Additionally, a carp has no need for reading glasses. They can see as well
as any trout, and locate food underwater using a sensitive lateral line and
inner ear as effectively as any bucketmouth bass. Carp, if you’ll pardon
the pun, are not
suckers. They are selective to both pattern and presentation. If brown
trout were as consistently picky as carp, virtually no one would catch
them! If a carp is keyed in on a specific food organism, you must imitate
that organism to the finest level possible. The carp I met on the Ottertail River
that day clearly knew the difference between an impressionistic wooly bugger
and the dragon fly nymphs it wanted to eat. While the smallmouth were quite
happy to smack anything that looked remotely alive, the carp were far more
selective. Rule three - know what you are imitating and present it
with the utmost care!
Cowen Lake is among my favorite destinations
in southwest Ohio.
It’s a pretty little lake, with limited horsepower regulations and a fine
population of bluegill, bass, saugeye, white bass and carp. My canoe
floated silently along the bank as I fired cast after cast to the shallow
water, retrieving a size 10 Assam Dragon nymph imitation along the bottom
until it reached the deep break, just twenty or thirty feet off the wooded
bank.
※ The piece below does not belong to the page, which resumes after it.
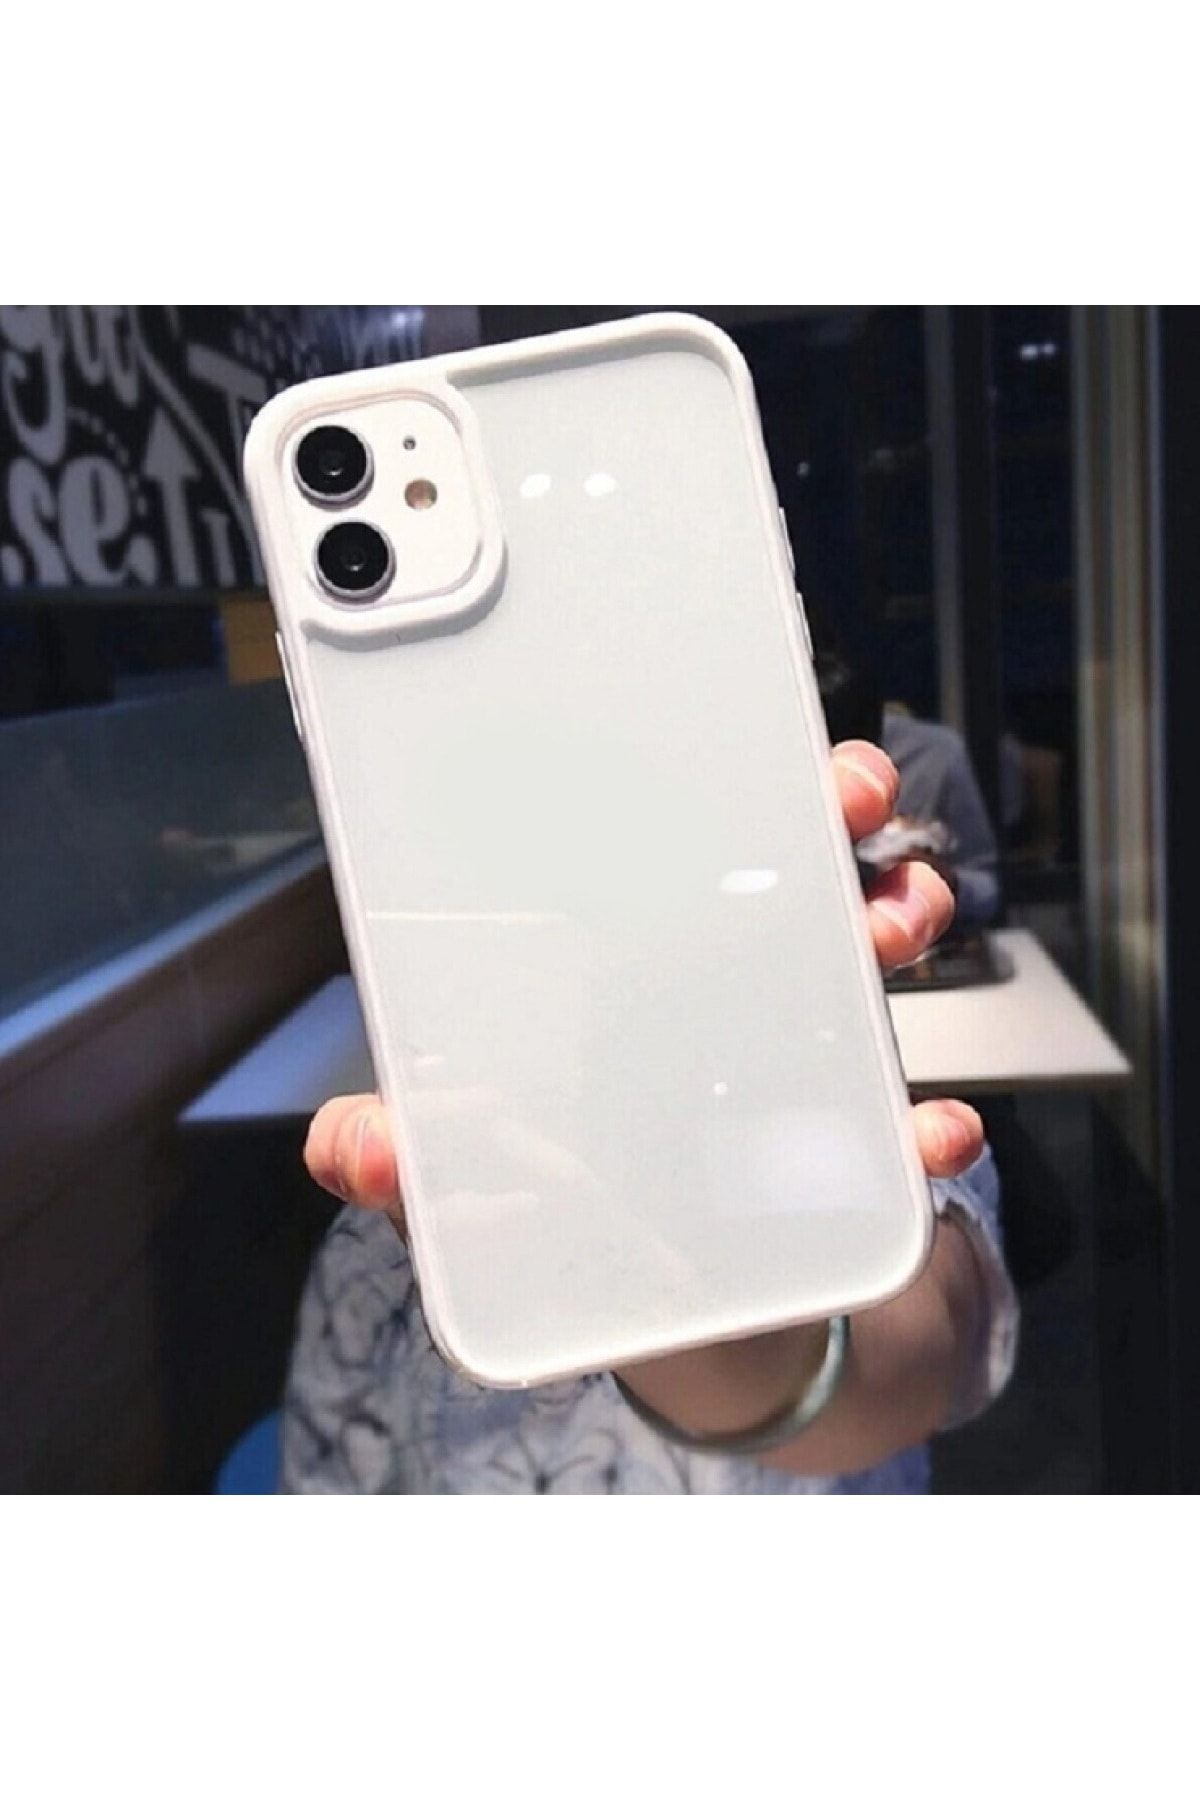 Go Aksesuar Apple Iphone 11 Uyumlu Kenarı Beyaz Renkli Darbe Önleyici Şeffaf Silikon Kılıf

Bass to 14” or so had responded well, and I was having a blast with
my 5-weight fly rod and full-sinking Type III line tipped with a 3 foot
leader of 3X fluorocarbon.
I felt a gentle tap
on the fly and strip set the hook in reaction only to feel…. nothing. The
line didn’t move, the rod bending to a full curve. “It must be a log” was
my first thought. It was the only thought for which I had time before the
‘log’ decided to get out of Dodge! In the wink of an eye the full 90 feet
of my fly line had melted off my reel and backing was disappearing at an
alarming rate. 150 feet of line screamed off the reel in a staccato run
when the little fly reel decided it had had enough. It froze as its bearing
locked tight. The line came super-tight in a heartbeat, and I heard a
sickening “CRACK” as the graphite of my rod parted from the strain. I less
than a minute my reel was trash, my rod broken, my fish lost, my pride
bruised. Carp are big, strong and very hard to control. Rule 4 of
successful carp fishing - use gear suited to the task if you intend to be
successful. A six weight fly rod and a reel with a well maintained
disc drag should be considered the minimum acceptable gear when one
is targeting carp. 100 yards of backing is barely enough if you fish lakes.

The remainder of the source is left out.